Eine der bekanntesten Definitionen von Erziehung stammt von Brezinka. Seine Definition beschreibt selbstverständlich die normale Erziehung in Elternhaus und Schule: «Unter Erziehung werden soziale Handlungen verstanden, durch die Menschen versuchen, das Gefüge der psychischen Dispositionen anderer Menschen dauerhaft zu verbessern oder seine als wertvoll beurteilten Komponenten zu erhalten oder die Entstehung von Dispositionen, die als schlecht beurteilt werden, zu verhüten.» (Brezinka 1990, 95) Diese Definition wird in Fachbüchern häufig zitiert (Steinebach 2003; Krapp/Weidenmann 2006; Nolting/Paulus 2018. Der Begriff Disposition wird hier als Synonym für die jeweils individuelle Struktur von Wissen, Denken, Fühlen, Wollen und Handeln verstanden (vgl. Heinerth 1979).

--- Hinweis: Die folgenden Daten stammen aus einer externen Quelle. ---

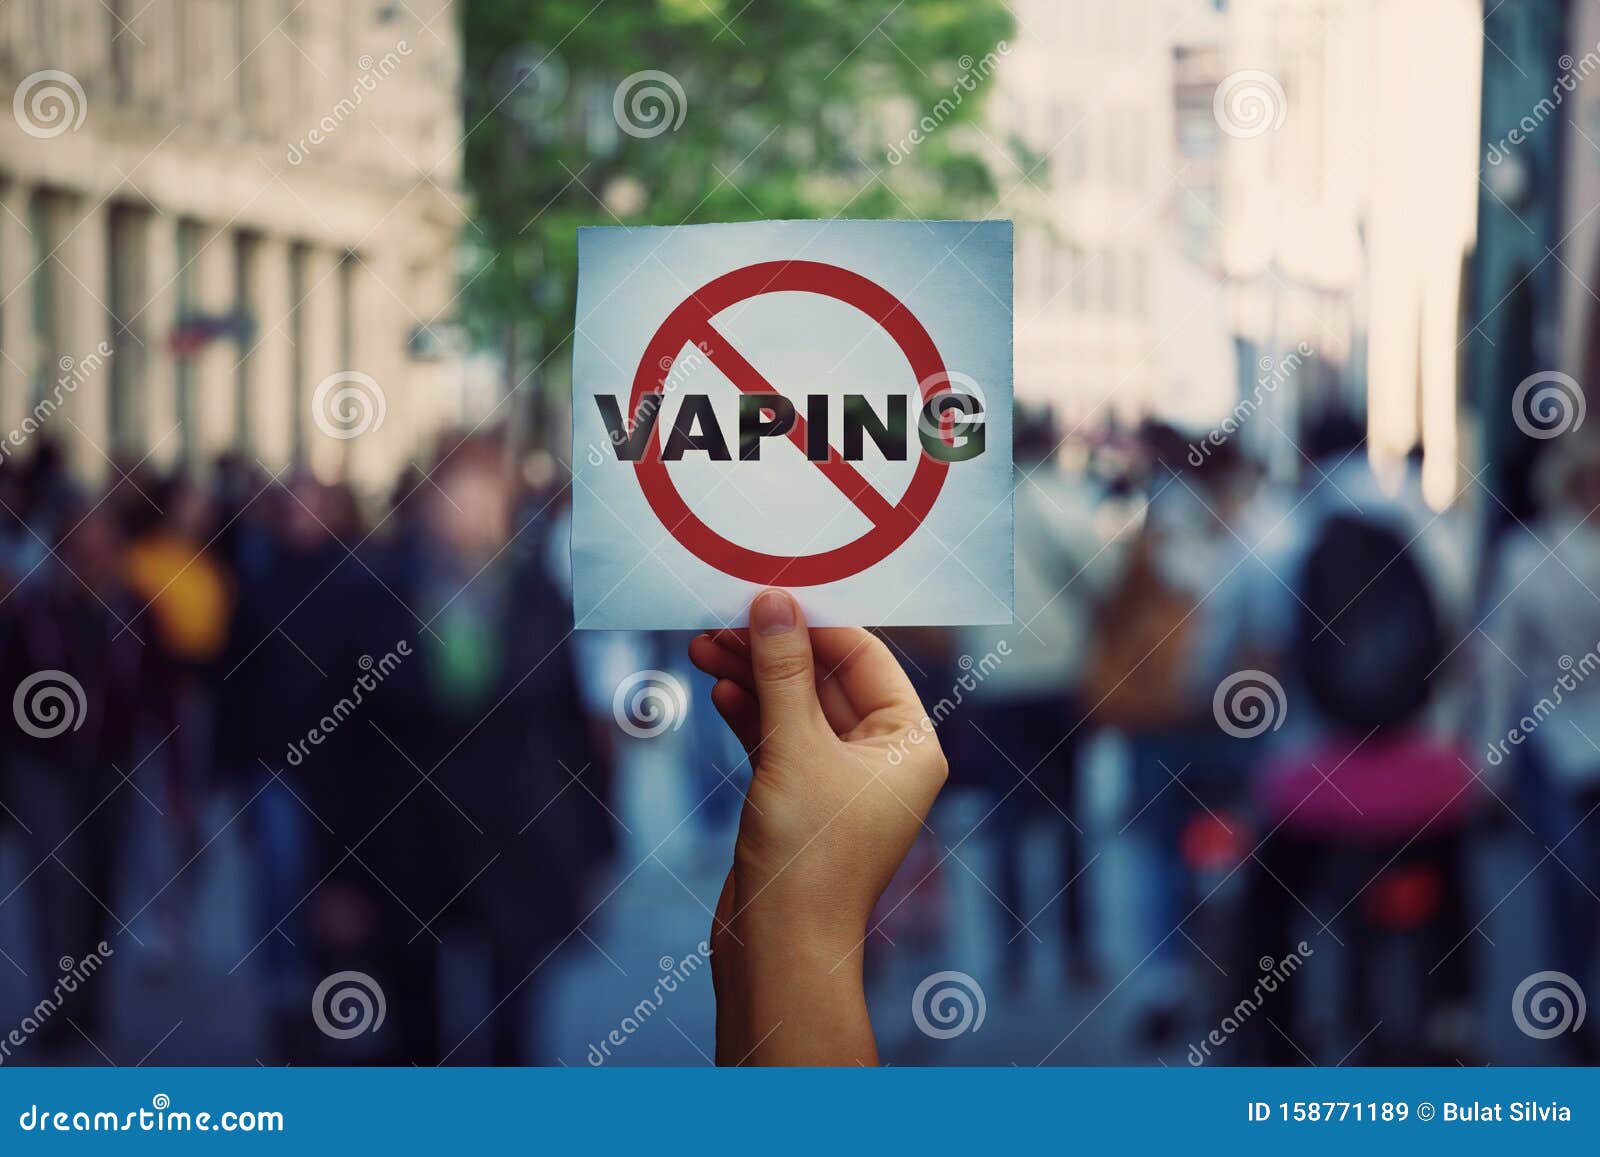 human hand holding a protest banner stop vaping message over a crowded street background. banning flavored vaping products to

Die Definition von Brezinka ist für eine Definition der Nacherziehung ebenfalls gültig, benötigt aber eine Ergänzung: «Unter Nacherziehung werden soziale Handlungen verstanden, durch die Menschen versuchen, das Gefüge der psychischen Dispositionen anderer Menschen dauerhaft zu verbessern oder seine als wertvoll beurteilten Komponenten zu erhalten oder die Entstehung von Disposition, die als schlecht beurteilt werden, zu verhüten respektive solche negativen Dispositionen oder Verhaltensweisen zu verringern und möglichst aufzugeben. Nacherziehendes Handeln basiert auf Beziehung, ist analytisch, erzieherisch, re-edukativ (wieder erziehend), konstruktiv und zielgerichtet.»
Diese ergänzte Definition enthält die zusätzlichen Aufgaben von Nacherziehung, bei der es immer darum geht, bereits chronifizierte Dispositionen oder Verhaltensweisen wie z.B. selbst- oder fremdschädigendes Verhalten, Drogenmissbrauch oder delinquente Handlungen zu modifizieren, zu verringern oder aufzugeben.
In diesem Sinn ist das geltende Verständnis des Erziehungsbegriffs (vgl. Steinebach 2003, 17) für die Nacherziehung ebenfalls zu erweitern:
- Nacherziehung ist Handeln, also ein Geschehen, das geplant und reflektiert und mit Argumenten begründet werden kann.
- Erzogen und nacherzogen werden nicht nur Kinder und Jugendliche, sondern auch Erwachsene und alte Menschen stehen in (Nach-) Erziehungsprozessen.
- Im Nacherziehungsprozess werden zumindest mittel- oder längerfristig psychische Dispositionen beeinflusst. Kurzfristige Änderungen im Verhalten sind hier nicht gemeint.
- Es sollen jene Dispositionen aufgebaut werden oder erhalten bleiben, die als positiv erachtet werden.
- Es sollen jene Dispositionen verhütet respektive verringert oder überwunden werden, die als negativ bewertet werden.
Diese Definition von Nacherziehung ist in Zukunft sicherlich noch zu optimieren. Eine der Zielsetzungen dieser Definition war zu analysieren, wieweit die Inhalte der Nacherziehung innerhalb der heutigen erziehungswissenschaftlichen Definitionen zu positionieren sind. Rein von der Definition her kann dieser Versuch als gelungen betrachtet werden. Das nächste Kapitel wirft die Nacherziehung allerdings steil aus der heutigen Erziehungswissenschaft hinaus in den Bereich der pädagogischen Unwissenschaftlichkeit.